I have a chronic condition. It’s called imposter syndrome. The only tribe of medicine that has ever extended group membership to me is the eclectic emergency physicians. Even with that, confidence and self-belief are issues that I have had to work on especially during Fellowship training. I had great supervisors, great peers and fantastic mentors who negated and mitigated all the less positive interactions, situations and people in practicing and learning medicine.
Some years on, my clinical identity is patient centred, I am active in education and training, in mentoring and in supporting mentoring in emergency medicine. I have a working hypothesis of wellness, if you like, based on a Code Blue/Resuscitation metaphor.
For years, we acted on trying to resuscitate (usually unsuccessfully) patients on the ward who had effectively died – no pulse/no breaths – a code blue. Then, after careful consideration, we asked, “What if we got to these patients before they lost their vital signs? Maybe it would result in better survival, in quantity and quality?” This was, at least for some – the MET/MERT response. Then, with further deliberation, the science was there to recognize the deteriorating patient (RDP) and we recognised that, by intervening at this time, we could even prevent high stakes incidents of near-death.
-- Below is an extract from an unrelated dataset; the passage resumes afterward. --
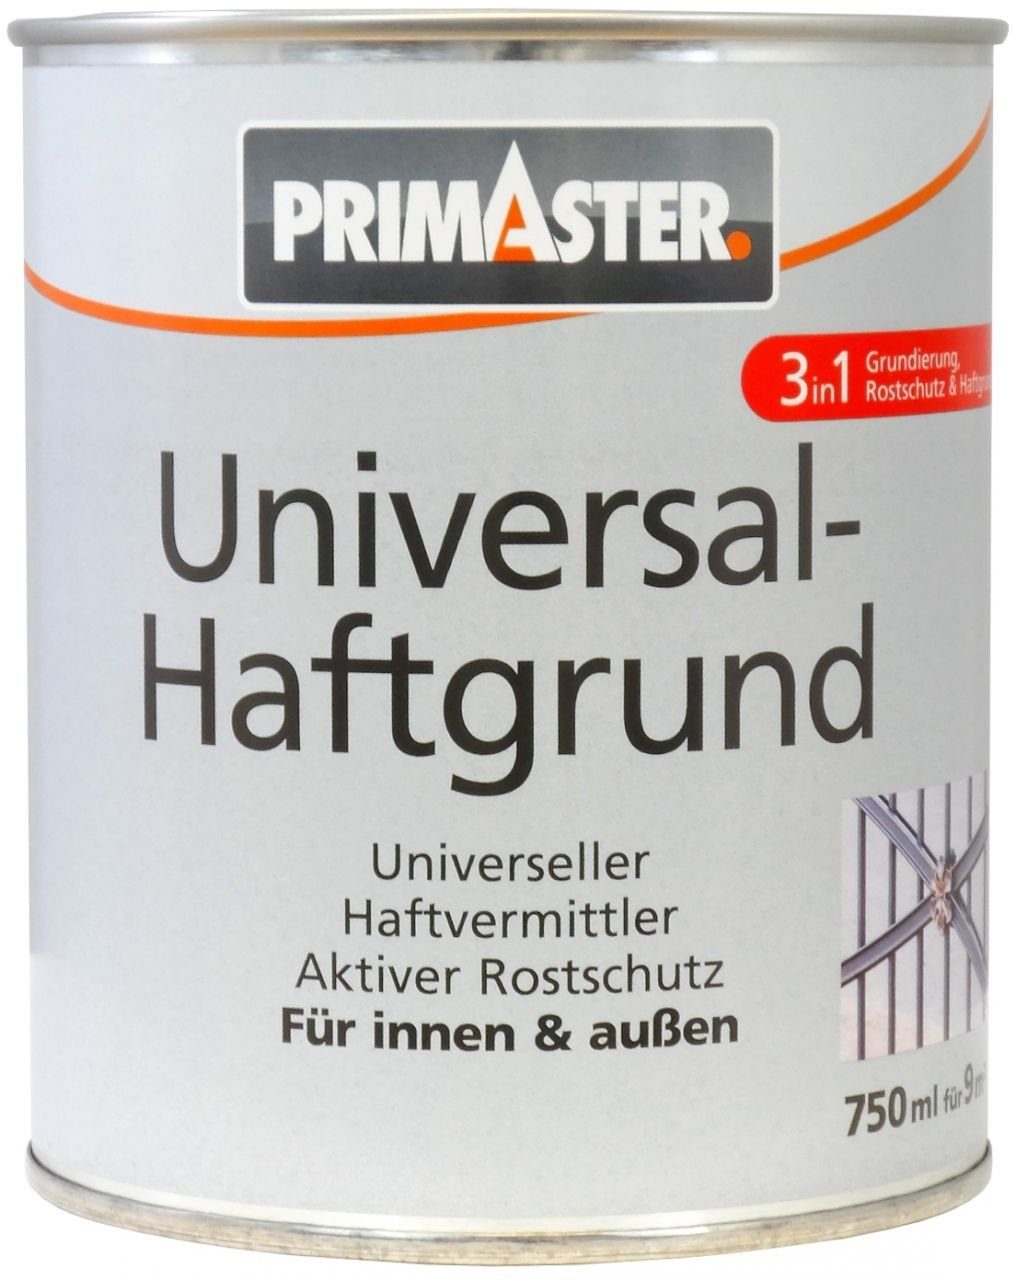 Universal-Haftgrund Haftgrund ml grau Primaster Primaster 750

We now mostly monitor the sick and injured through recovery or resolution. Sometimes we even proactively promote health, rather than reactively respond to illness or injury.
So how does this act as a metaphor for wellness?
In my wellness experience at work, the Code Blue was the jarring news that a colleague had become physically or mentally unwell and no one had picked up the signs. Real harm had resulted. Everyone was shocked and reacted, but did not do anything to prevent the next event.
By contrast, the MERT is when a colleague would pull me into the drug room or the pan room and disclose the issue they were wrestling with, usually well advanced and needing fairly intensive input to help. Still reactive.
Then we started as individuals and groups to talk about human factors, and to identify risk and attributes that lead to or signify non wellness – the RDP model.
Next we invested in deliberate, supported, structured mentoring programs where all manner of topics and stressors could be dealt with. Realistically we are monitoring the situation and are now responsive cf reactive.
All of these modalities are supporting Wellness but it is time to intensify the momentum into effective, high-yield promotion of health and wellness, in the emergency medicine context – to hold open, empowered conversations about issues affecting us and our colleagues, and therefore our families and the general community.